▶ [WHAT YOU ARE ASKED TO DO] Look below for the line that contains "Cultivo De Cannabis", then copy it and each following line to the end of the records, minus any pictures.

▶ [THE INPUT]
=== Section Start ===

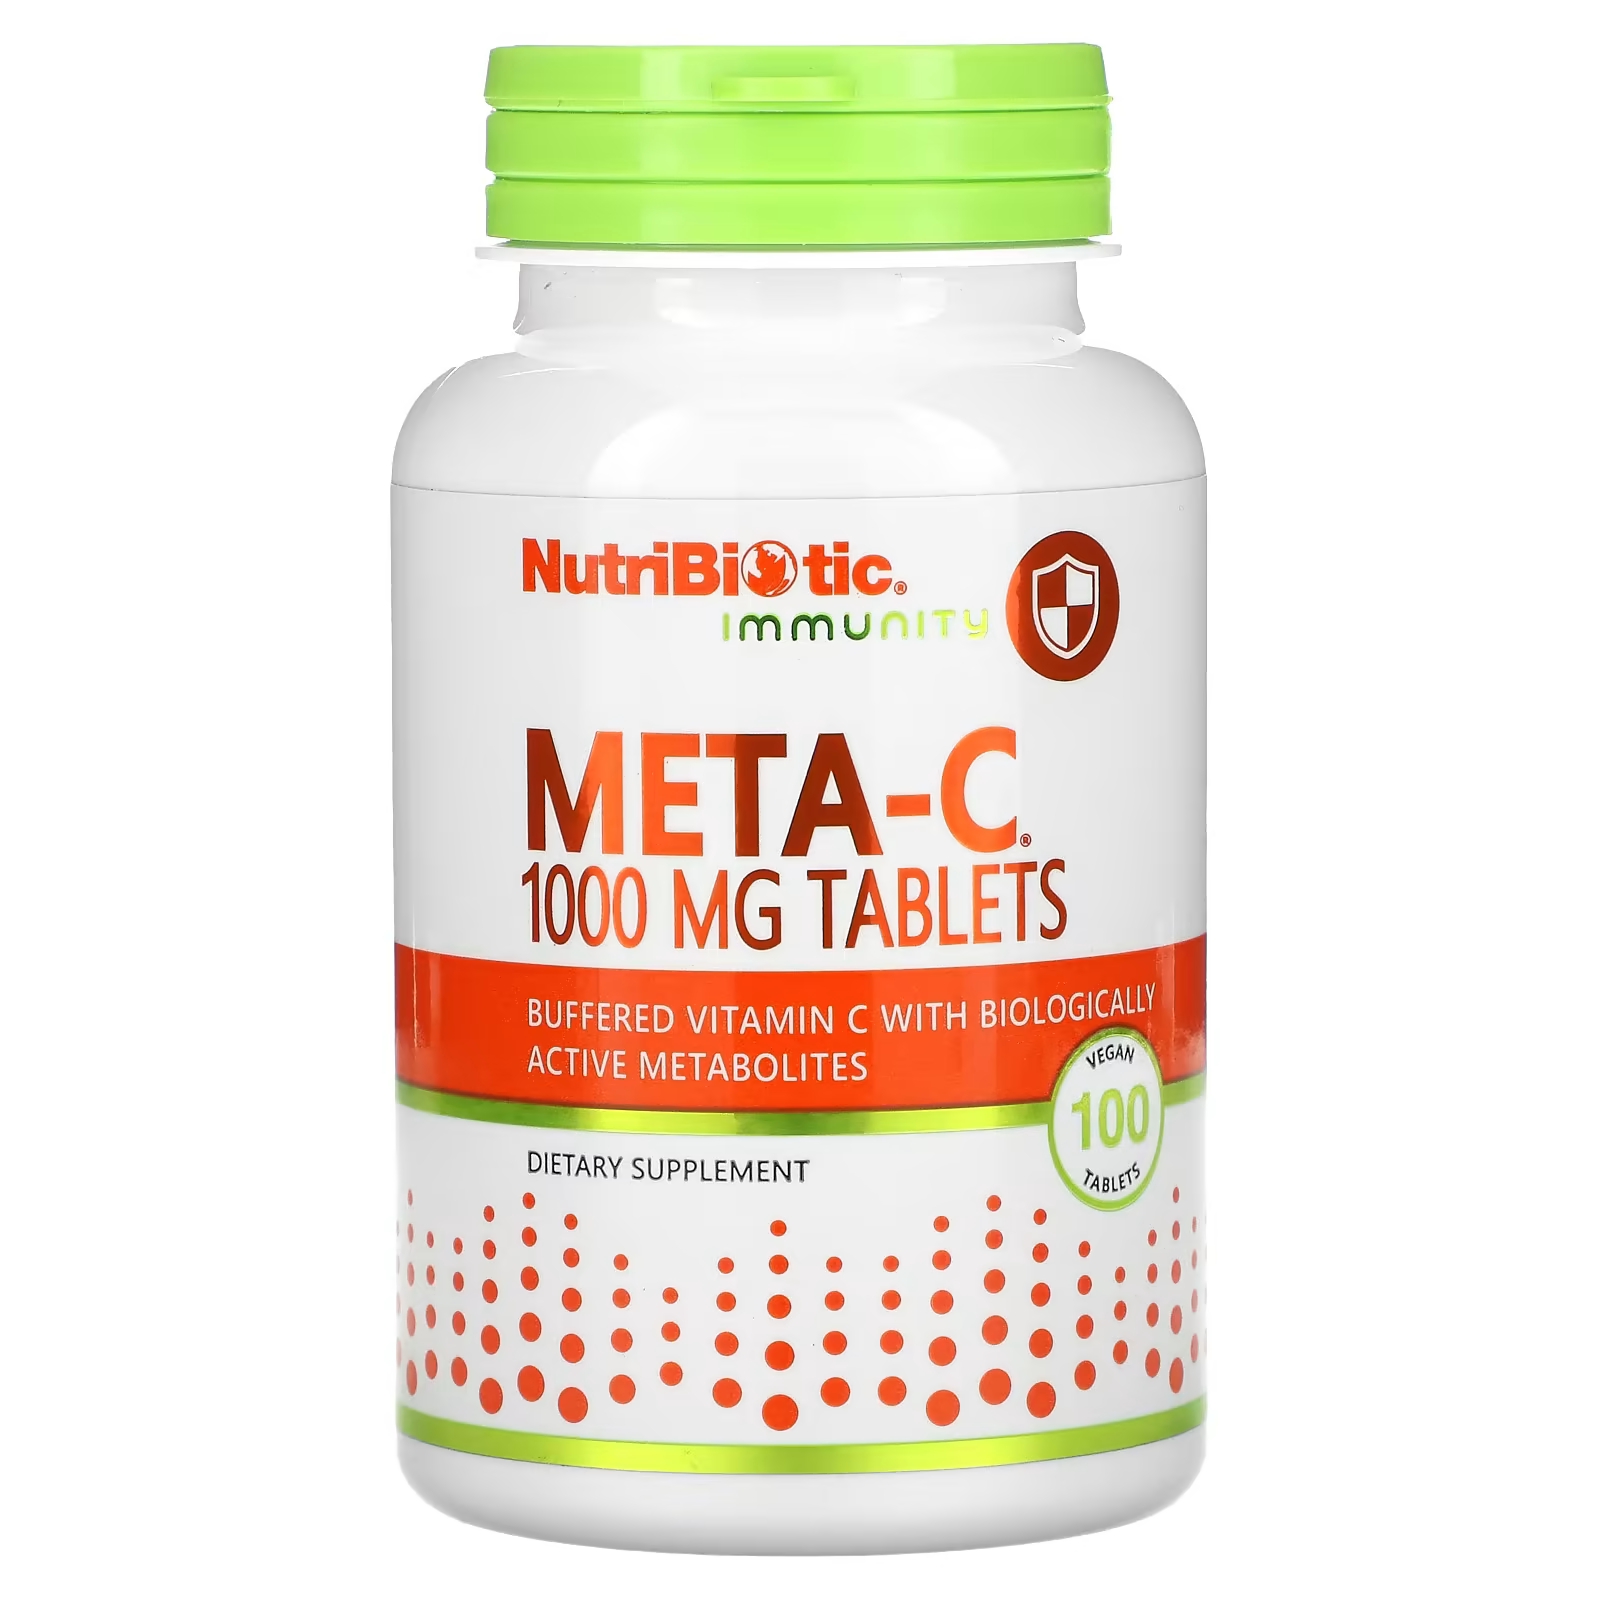 Пищевая добавка NutriBiotic Immunity Meta-C 1000 мг, 100 веганских таблеток цена и фото
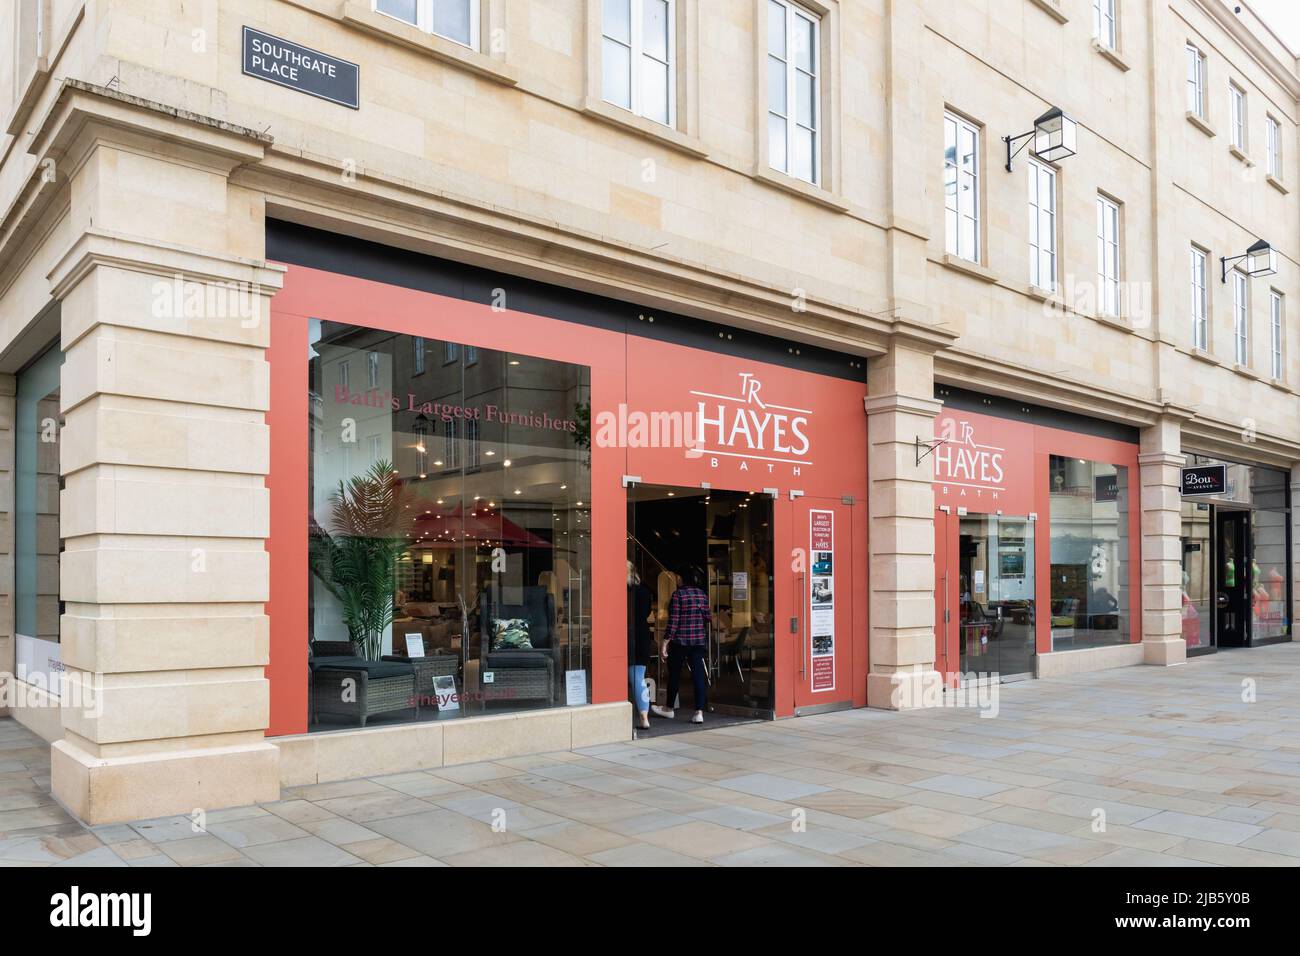 TR Hayes - il più grande Furnishers di Bath ha un negozio temporaneo pop-up nel Southgate Shopping Centre, City of Bath. Somerset, Inghilterra, Regno Unito Foto Stock
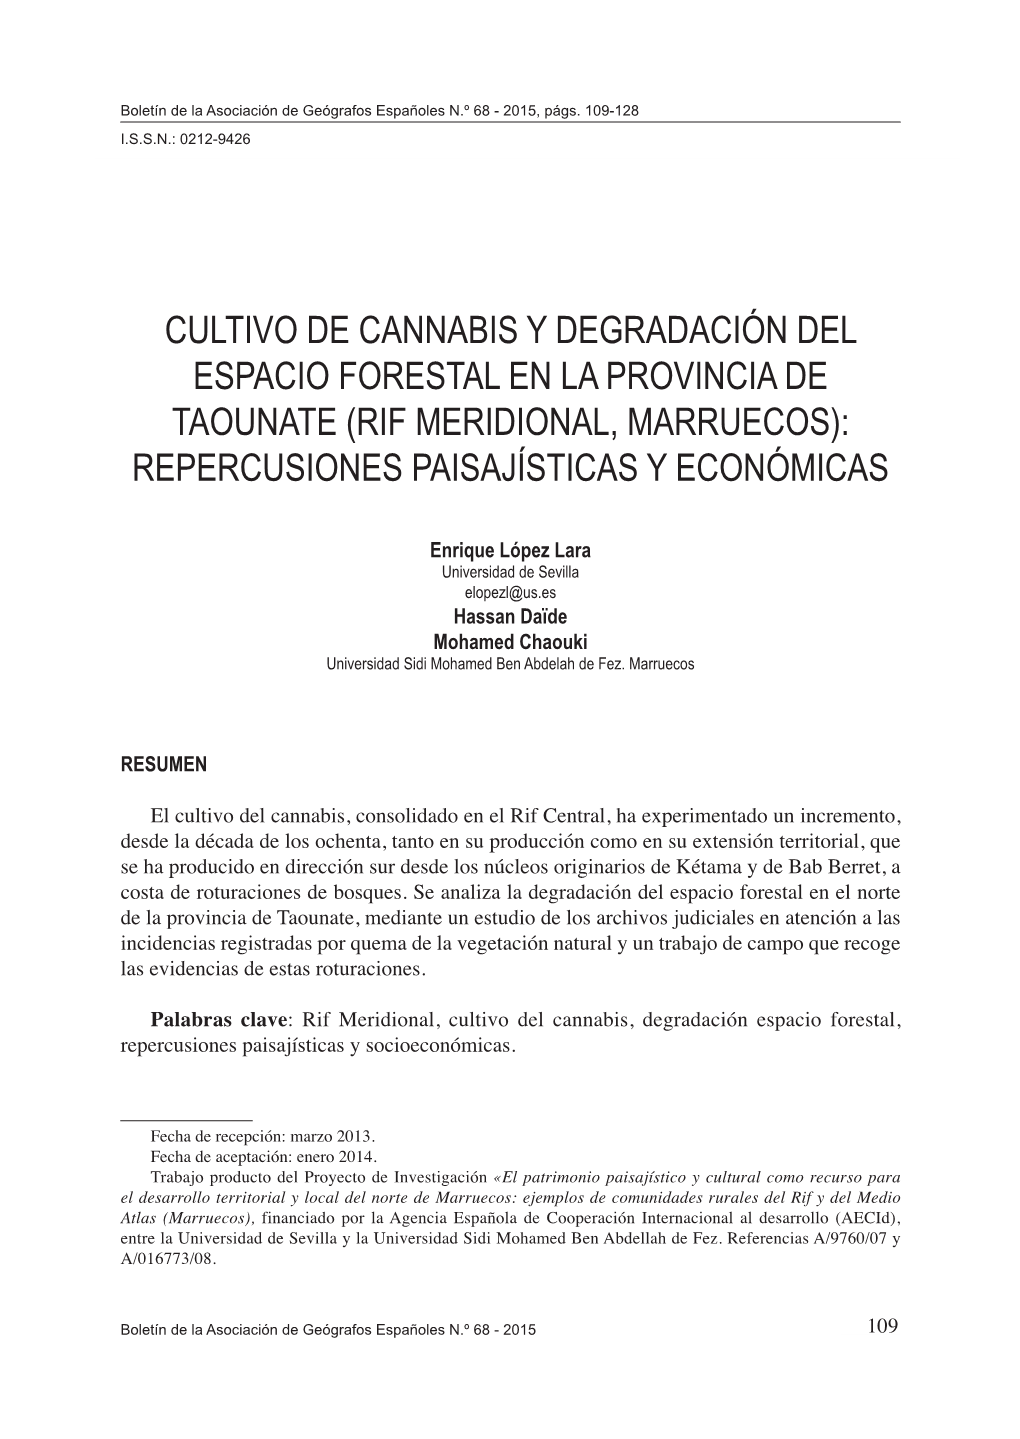 Cultivo De Cannabis Y Degradación Del Espacio Forestal En La Provincia De Taounate (Rif Meridional, Marruecos): Repercusiones Paisajísticas Y Económicas
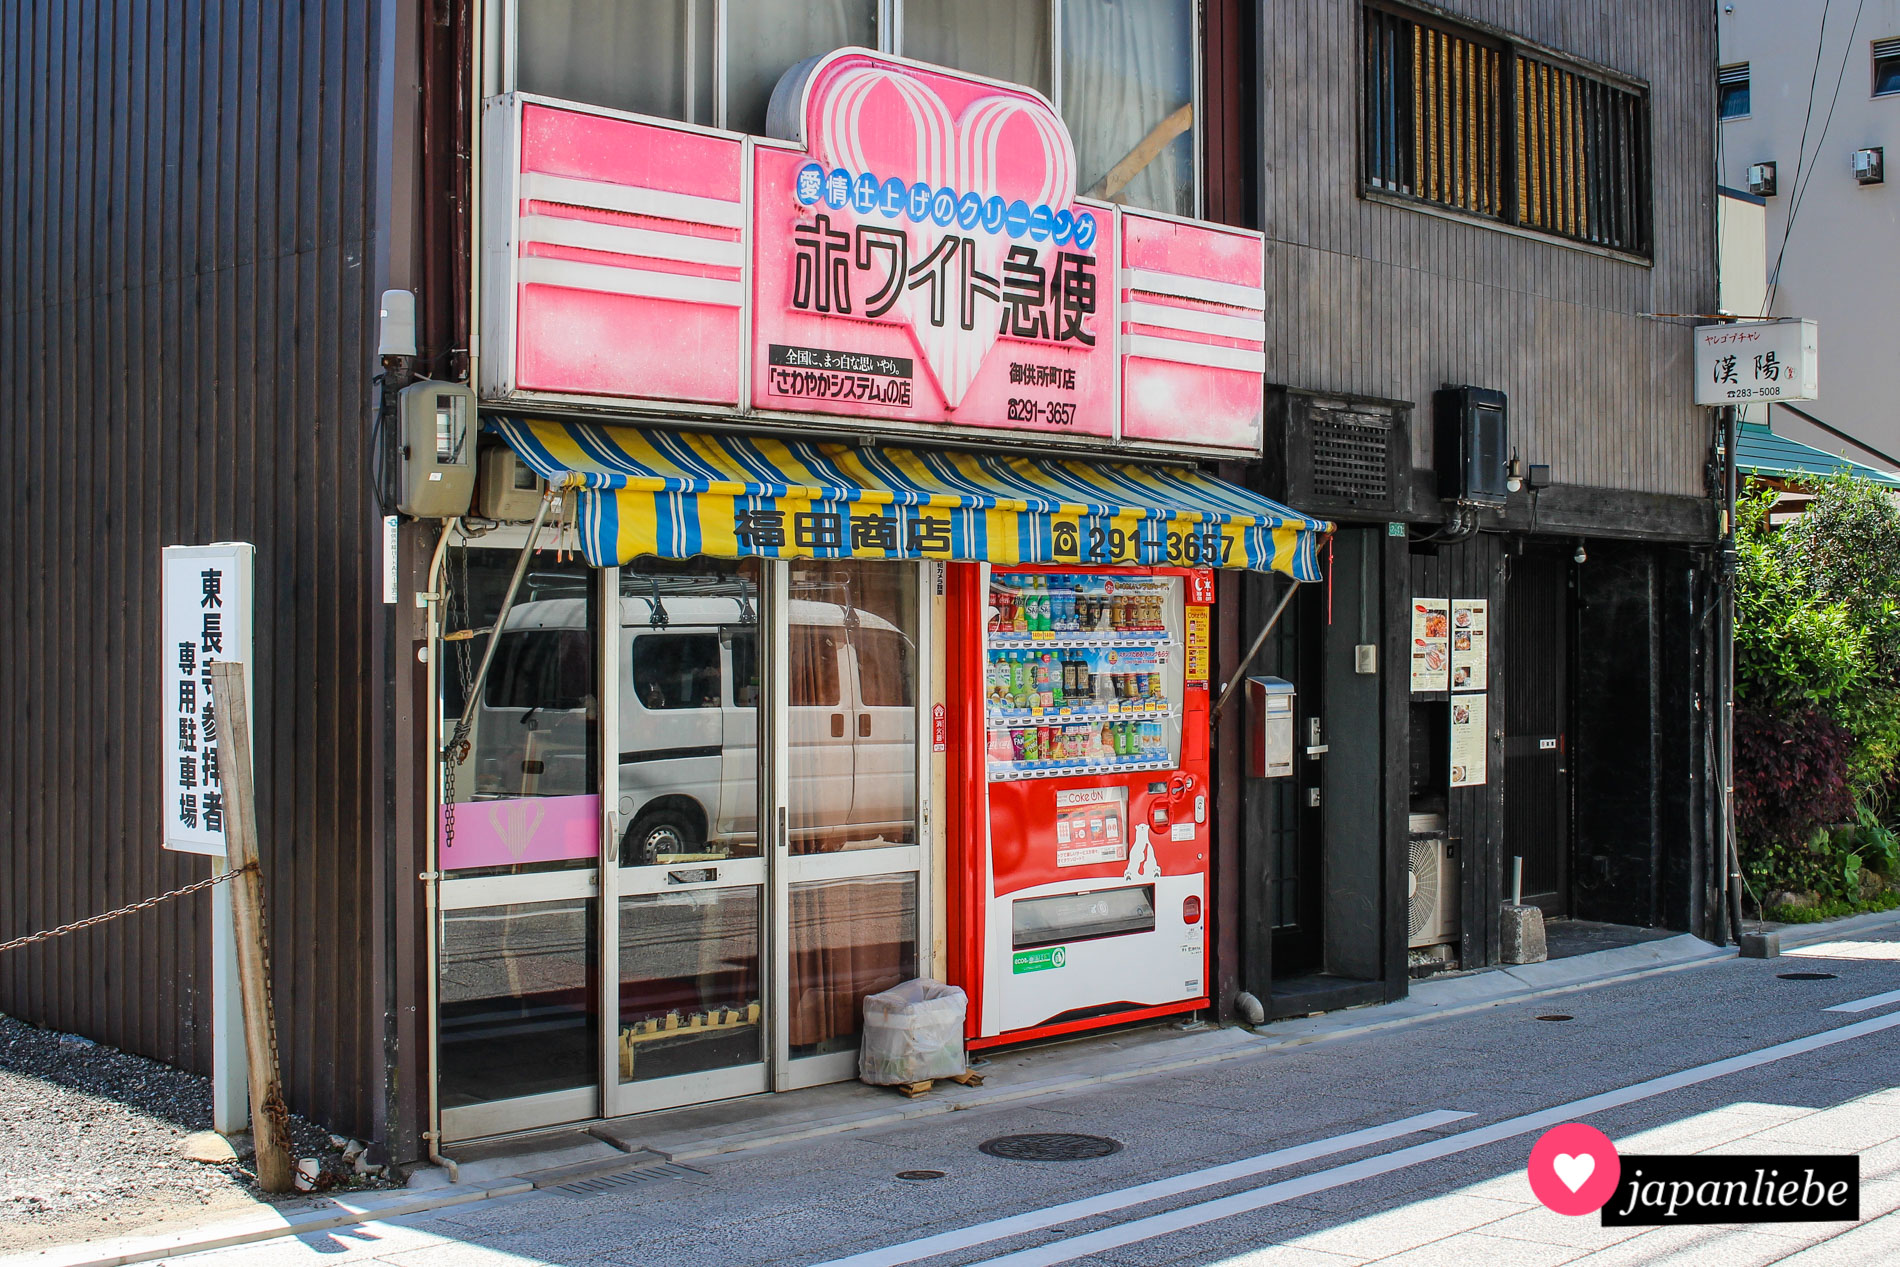 Platz für einen Getränkeautomaten ist in der kleinsten Nische, so wie hier an der Fassade einer Reinigung in Fukuoka.
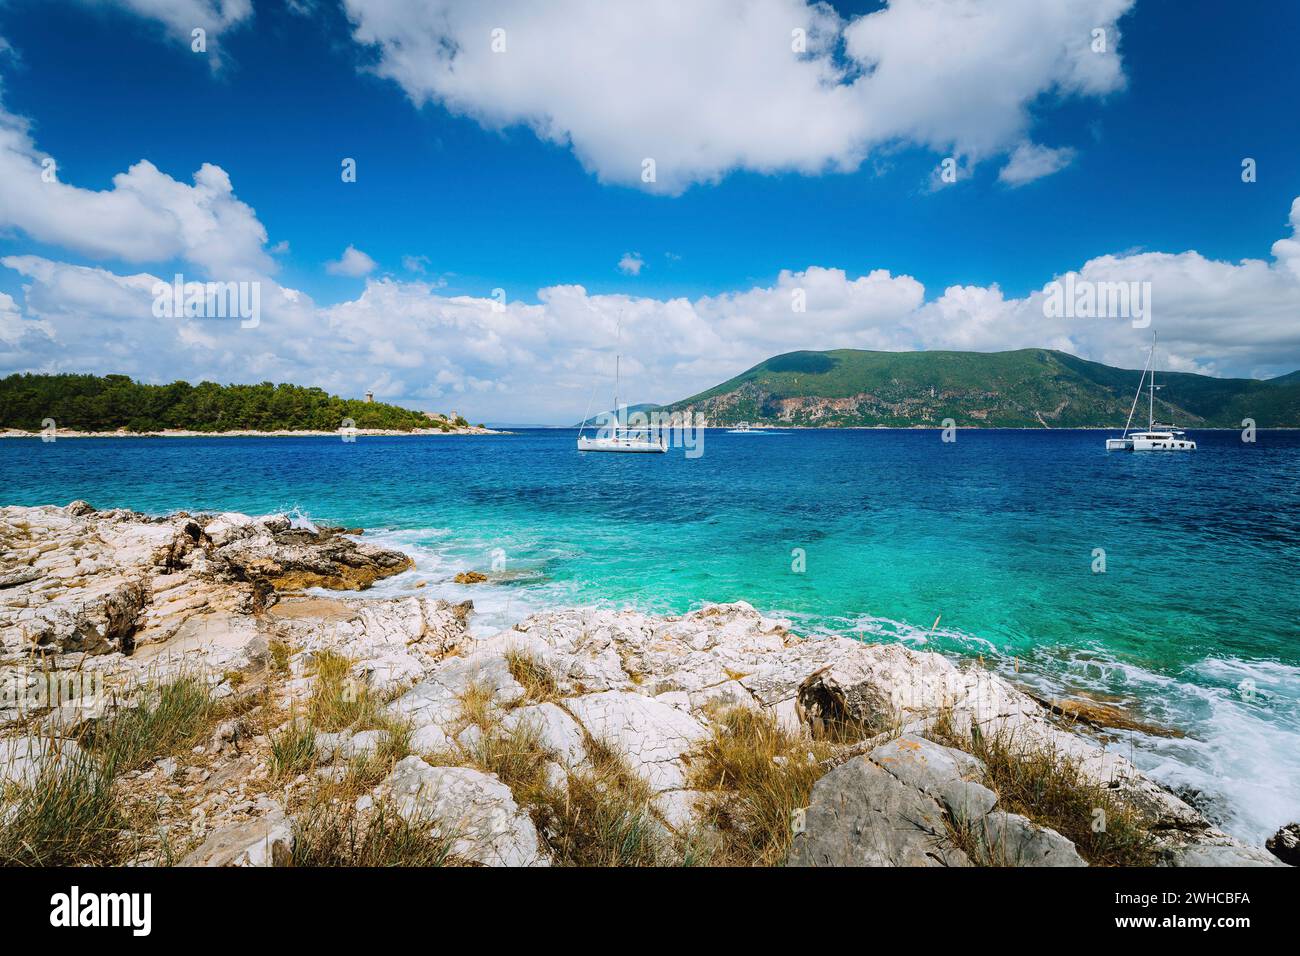 Yachten treiben mitten im offenen kristallklaren, smaragdgrünen Meerwasser in der Nähe von Fiskardo. Ithaki Island im Hintergrund. Erstaunliche weiße Wolkenlandschaft, die sich im blauen Himmel bewegt, Kefalonia, Ionische Inseln, Griechenland. Stockfoto

=== Section End ===

▶ [ANSWER BELOW]
 Cultivo De Cannabis Y Degradación Del Espacio Forestal En La Provincia De Taounate (Rif Meridional, Marruecos): Repercusiones Paisajísticas Y Económicas
 Platz für einen Getränkeautomaten ist in der kleinsten Nische, so wie hier an der Fassade einer Reinigung in Fukuoka.
 Yachten treiben mitten im offenen kristallklaren, smaragdgrünen Meerwasser in der Nähe von Fiskardo. Ithaki Island im Hintergrund. Erstaunliche weiße Wolkenlandschaft, die sich im blauen Himmel bewegt, Kefalonia, Ionische Inseln, Griechenland. Stockfoto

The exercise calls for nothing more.